Freedom, Tuesday, 24 June 2008 09:37 (seventeen years ago)

"Soulja Boy, eat a dick. That nigga singlehandedly killed hip-hop."

The stickman from the hilarious "xkcd" comics, Tuesday, 24 June 2008 09:38 (seventeen years ago)

"If only Mao had heard 'Dancing in the Moonlight' by Toploader, then things might've worked out all right. I mean, it's not a great song, but it's a laugh, and maybe if he'd heard it, he'd have thought, 'I shouldn't take everything so seriously.'"

Freedom, Tuesday, 24 June 2008 09:40 (seventeen years ago)

"If only Pol Pot had heard "Fill My Little World Right Up" by The Feeling, things might've been different. I mean, that's such a great pop song, and if only Pol Pot had sat down with a can of Carling in the pub and listened to it, he might've had second thoughts about his actions."

Freedom, Tuesday, 24 June 2008 09:43 (seventeen years ago)

"If only Charles Kennedy had heard 'Somewhere Only We Know' by Keane, maybe he wouldn't have resorted to alcoholism and the Lib Dems would've won the 2005 election."

Freedom, Tuesday, 24 June 2008 09:44 (seventeen years ago)

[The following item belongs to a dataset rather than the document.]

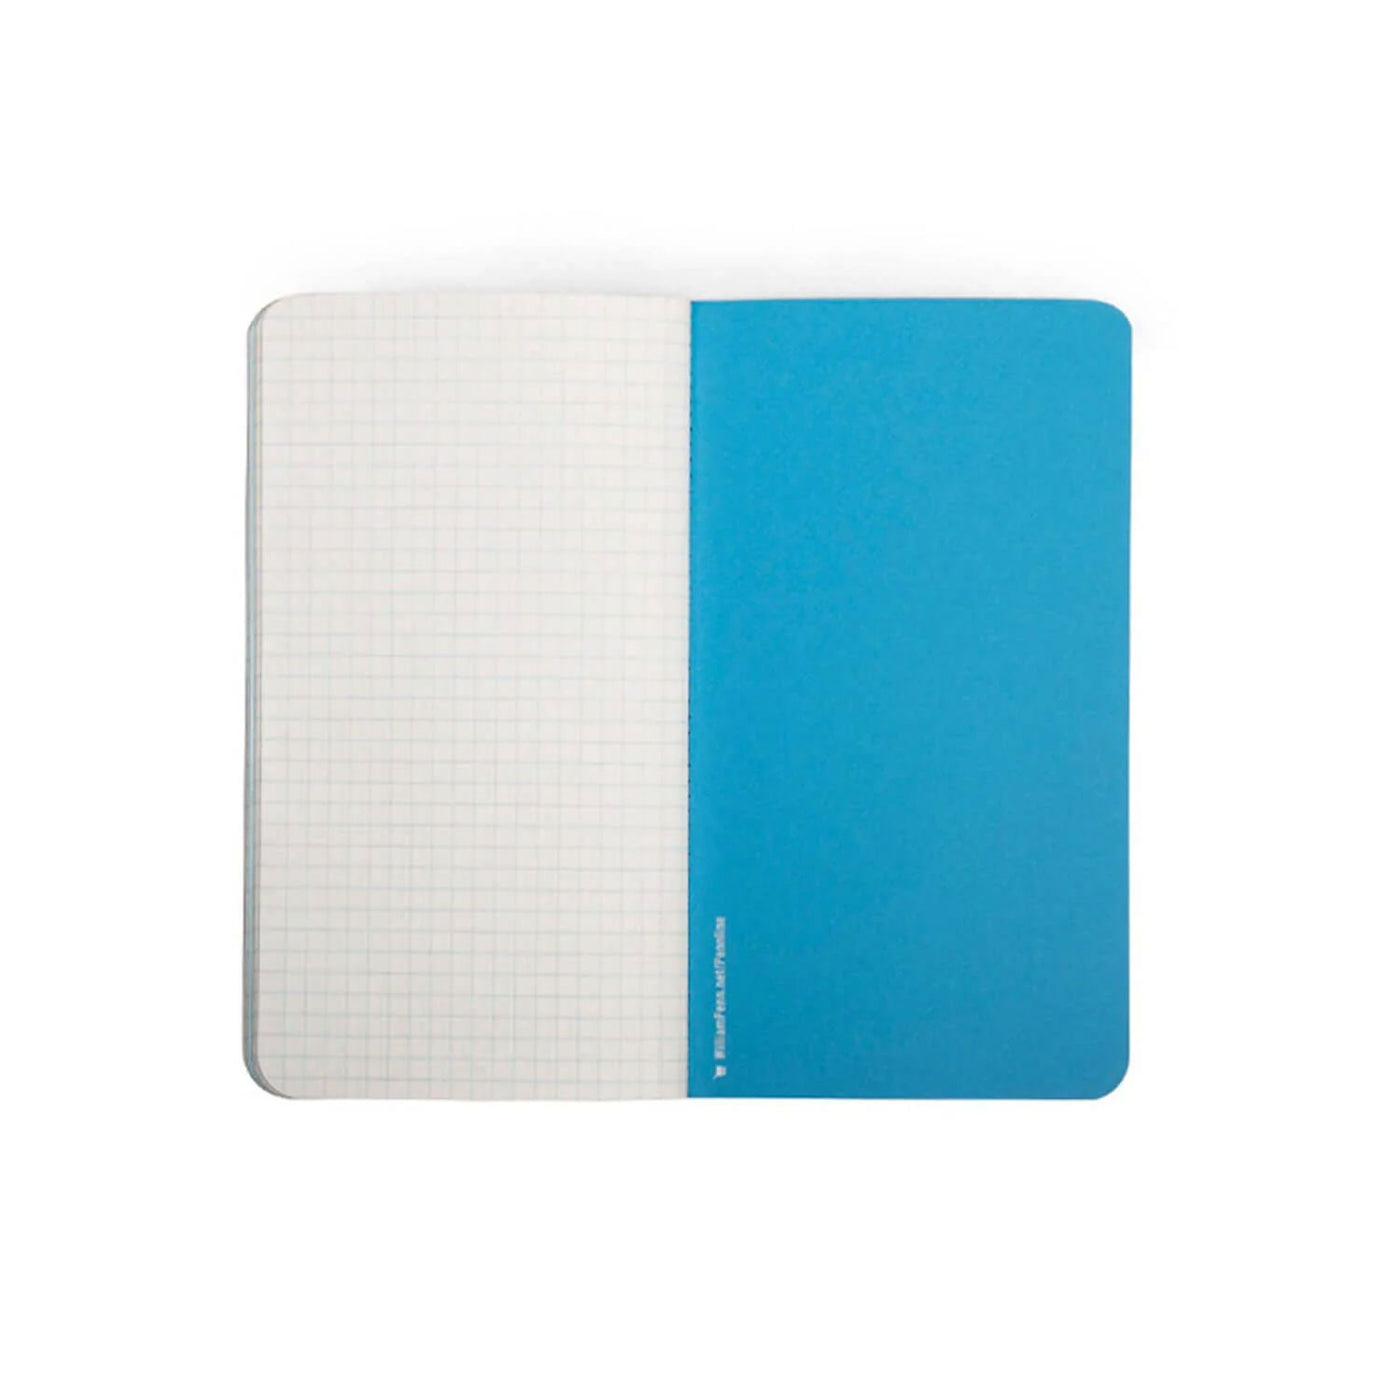 Pennline Quikfill Notebook Refill For Quikrite, Turquoise - Set Of 2 6
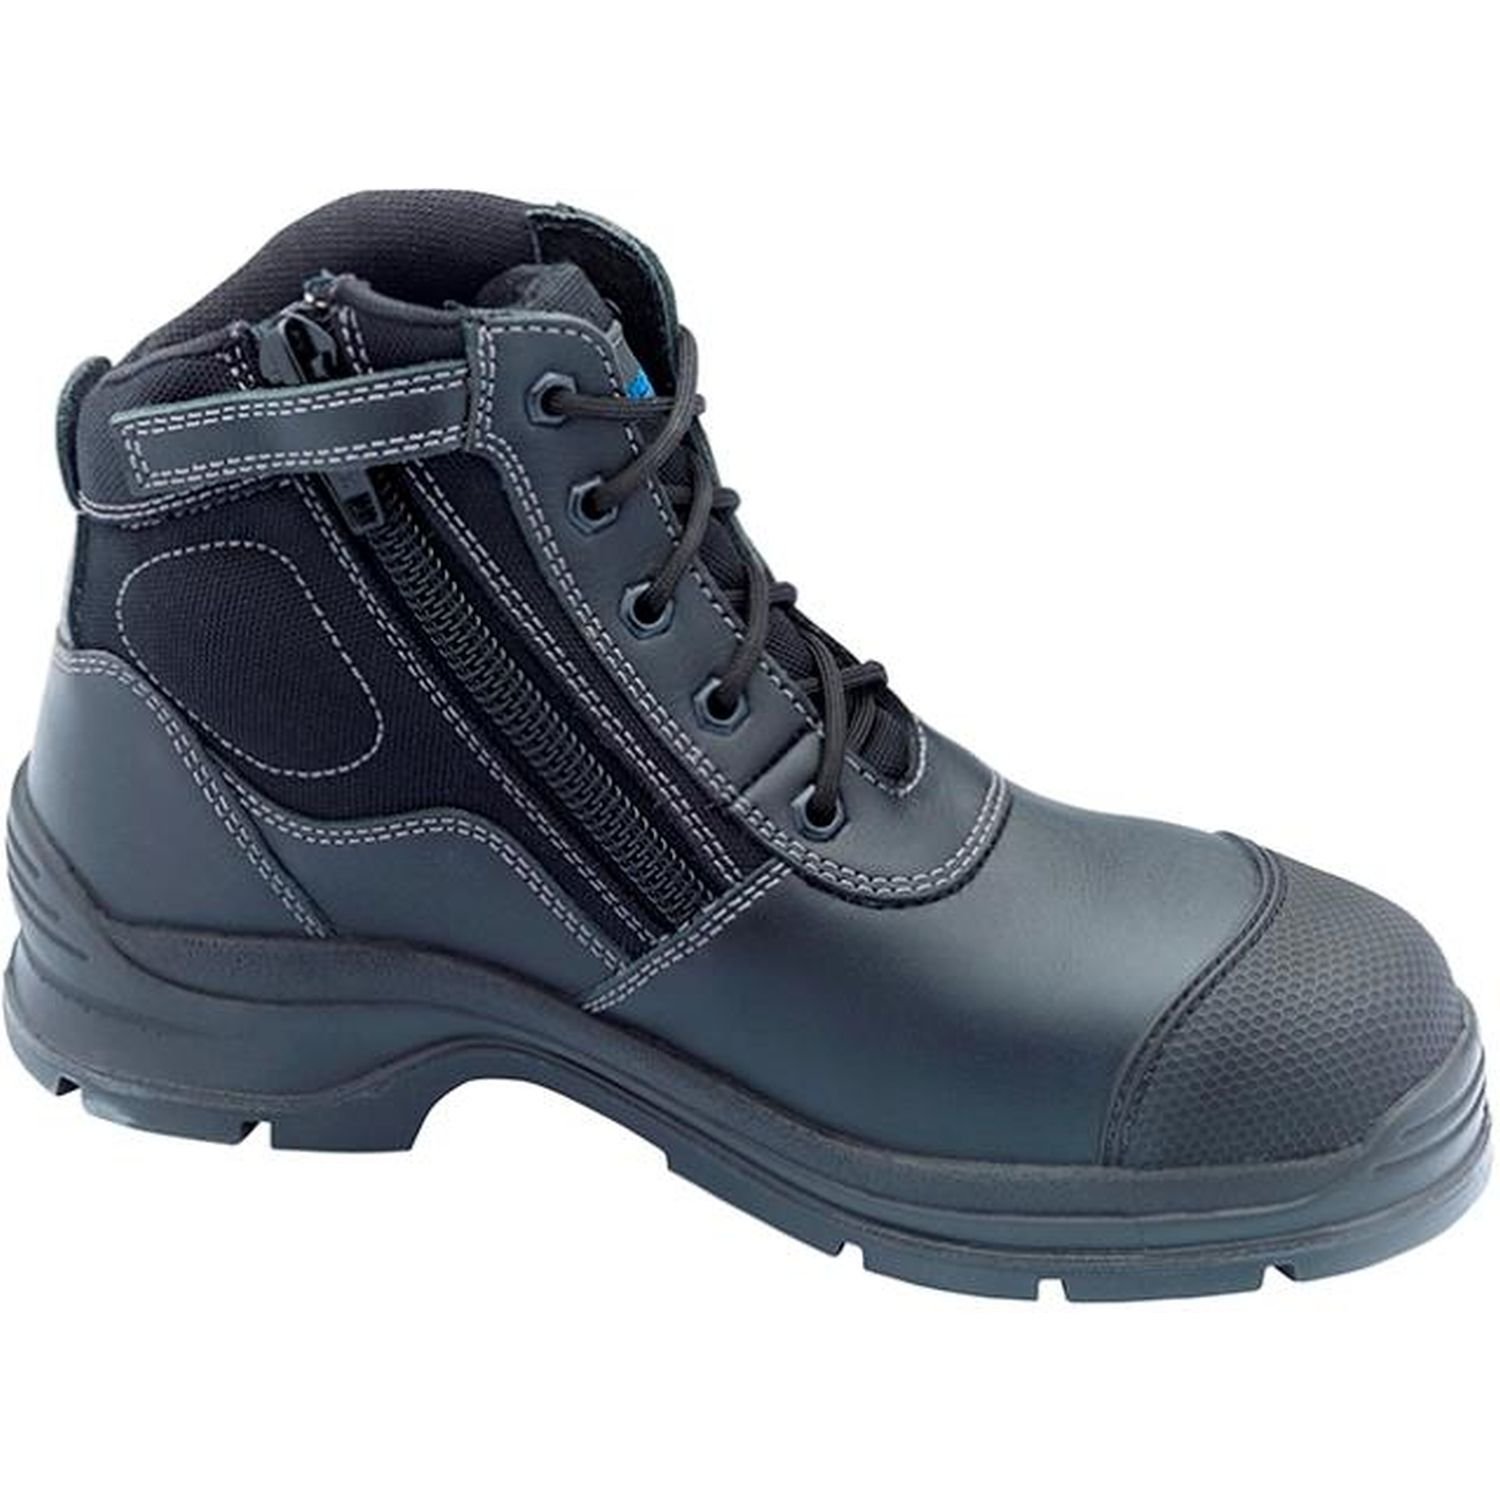 Blundstone 319 Lace Up/Zip Safety Boot Black

If only Public Enemy had heard "Trouble", he'd

oh the phone is ringing..

Mark G, Tuesday, 24 June 2008 09:56 (seventeen years ago)

This thread is hilarious!

Party Sausage, Tuesday, 24 June 2008 11:06 (seventeen years ago)

Good work everyone.

Go home.

BIG HOOS aka the steendriver, Tuesday, 24 June 2008 13:42 (seventeen years ago)

two years pass...

Chris Martin was actually pretty funny at Apple's press/media event today:

“I don’t have any new products to reveal. I wish the rest of the band were here, but they were too lazy.”

“I’ll just play one song, and if you feel like another one, I’ll play another one, and then keep going until you feel like lunch.”

“Which proves that your marketing people can sell anything.”

“Is Steve around to tell me what to do.” Jobs: “Keep going!” Martin: “I’m afraid I’ve played all the hits.”

“This is a new song, I’ve been working on it, it’s called Coldplay 2.6. It has a lot of new features. It features 7 different kinds of chord. Even a new one that our closest rivals have no idea about. Which Jonathan Ive designed. It’s the chord of i-minor. I’m just making this up! This is a song called Wedding Bells. This might be the only time it ever appears.”

“It could go terribly wrong, but fuck it.”

ilxor has truly been got at and become an ILXor (ilxor), Wednesday, 1 September 2010 18:32 (fifteen years ago)

Full context of this quote (sorry):

Chris is a story about how Apple turned a song that their label said is not a hit song into a hit song. “Which proves that your marketing people can sell anything.”

He’s talking about Viva la Vida.

ilxor has truly been got at and become an ILXor (ilxor), Wednesday, 1 September 2010 18:33 (fifteen years ago)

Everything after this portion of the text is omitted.